I'm currently studying deep learning with the book Deep Learning (Goodfellow et al., 2015) and had a question regarding the convolution operation of convolutional neural networks (CNN's).
More specifically, on page 337 (in section 9.5: Variants of the Basic Convolution Function) the authors give a mathematical description of what the convolution operation looks like in the context of neural networks as follows:
Let $\mathsf{K}$ be a 4-D tensor with element $K_{i, j, k, l}$ giving the connection strength between a unit in channel $i$ of the output and a unit in channel $j$ of the input, with an offset of $k$ rows and $l$ columns between the output unit and input unit.
Assume our input consists of observed data $\mathsf{V}$ with element $V_{i, j, k}$ giving the value of the input unit within channel $i$ at row $j$ and column $k$.
Assume our output consist of $\mathsf{Z}$ with the same format as $\mathsf{V}$. If $\mathsf{Z}$ is produced by convolving $\mathsf{K}$ across $\mathsf{V}$ without flipping $\mathsf{K}$, then:
$$ Z_{i,\ j,\ k} = \sum_{l,\ m,\ n} V_{l,\ j + m - 1,\ k + n - 1} \times K_{i,\ l,\ m,\ n}$$
where the summation over $l$, $m$, and $n$ is over all values for which the tensor indexing operations inside the summation are valid.
I suppose that it's not hard to see that the equation is depicting the dot product between a filter and a "patch" in the input data.

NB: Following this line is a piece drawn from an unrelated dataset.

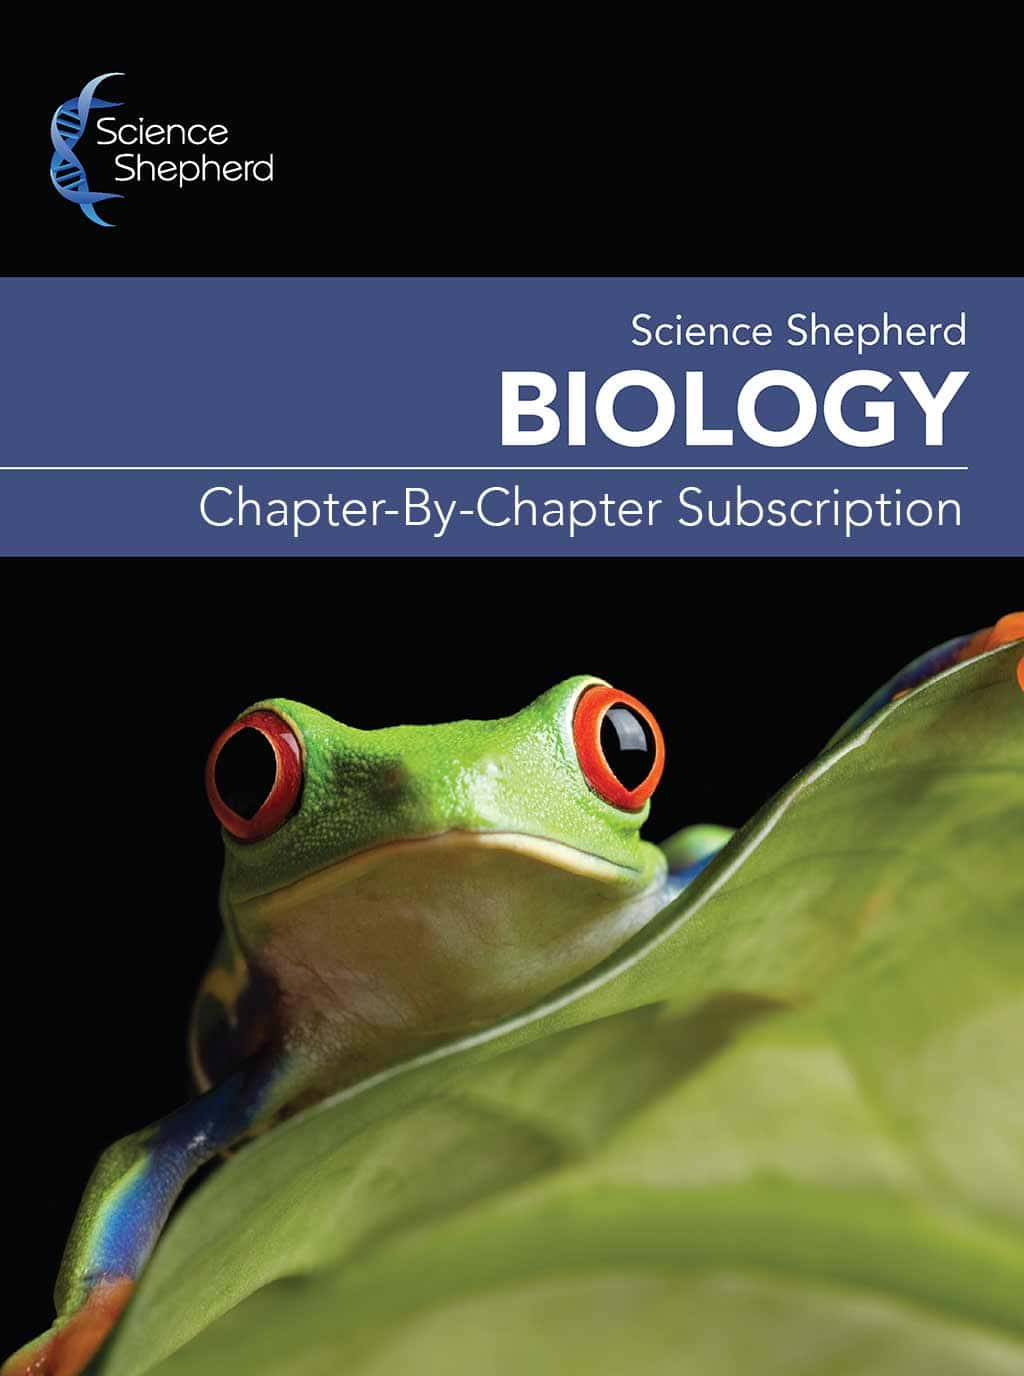 Science Shepherd Homeschool Biology Online Video Course for high school chapter-by-chapter cover

But I don't particularly understand how the authors came up with this equation. My original knowledge of the convolution operation for neural networks is like this demo provided by Stanford University's CS231n course.
I suppose that if I were to summarize what's particularly puzzling me, it would be as follows:
My understanding regarding convolution is that the number of channels of an input image and the number of channels in a filter (or kernel) need to match, and that typically each channel only convolves with its corresponding channel. However, the definition given by the authors here (i.e. "between a unit in channel $i$ of the output and a unit in channel $j$ of the input") seems to imply that the number of channels doesn't have to match and that there may be convolution between different channels in the input and filter. Is cross-convolution across different channels possible?
What is meant by "an offset of $k$ rows and $l$ columns between the output unit and input unit" in the first paragraph? Is this simply referring to the filter's size (i.e. $k \times l$)?
It seems that the authors are also assuming that the output $\mathsf{Z}$ (i.e. the result of the dot product between a filter and the input patch) and input $\mathsf{V}$ are the same size. However, my knowledge tells me that after performing a convolution between an input and filter, the output feature map is always smaller than the input. Why are the authors assuming that the size is the same? Is this even possible?
Your formula means
$$Z_i = \sum_l V_l \ast K_{i,l}$$
(where $\ast$ is 2d convolution, over your $j,k$ variables, $Z_i , V_l,K_{i,l}$ are 2d arrays)
A convolution is a weighted sum of shifts of the input, the "offset" is the shift.
So it is the same formula as for fully connected (linear) layers except that the activation of each neuron is a 2d array, same for the weights, and instead of multiplying the activation and weight we convolve.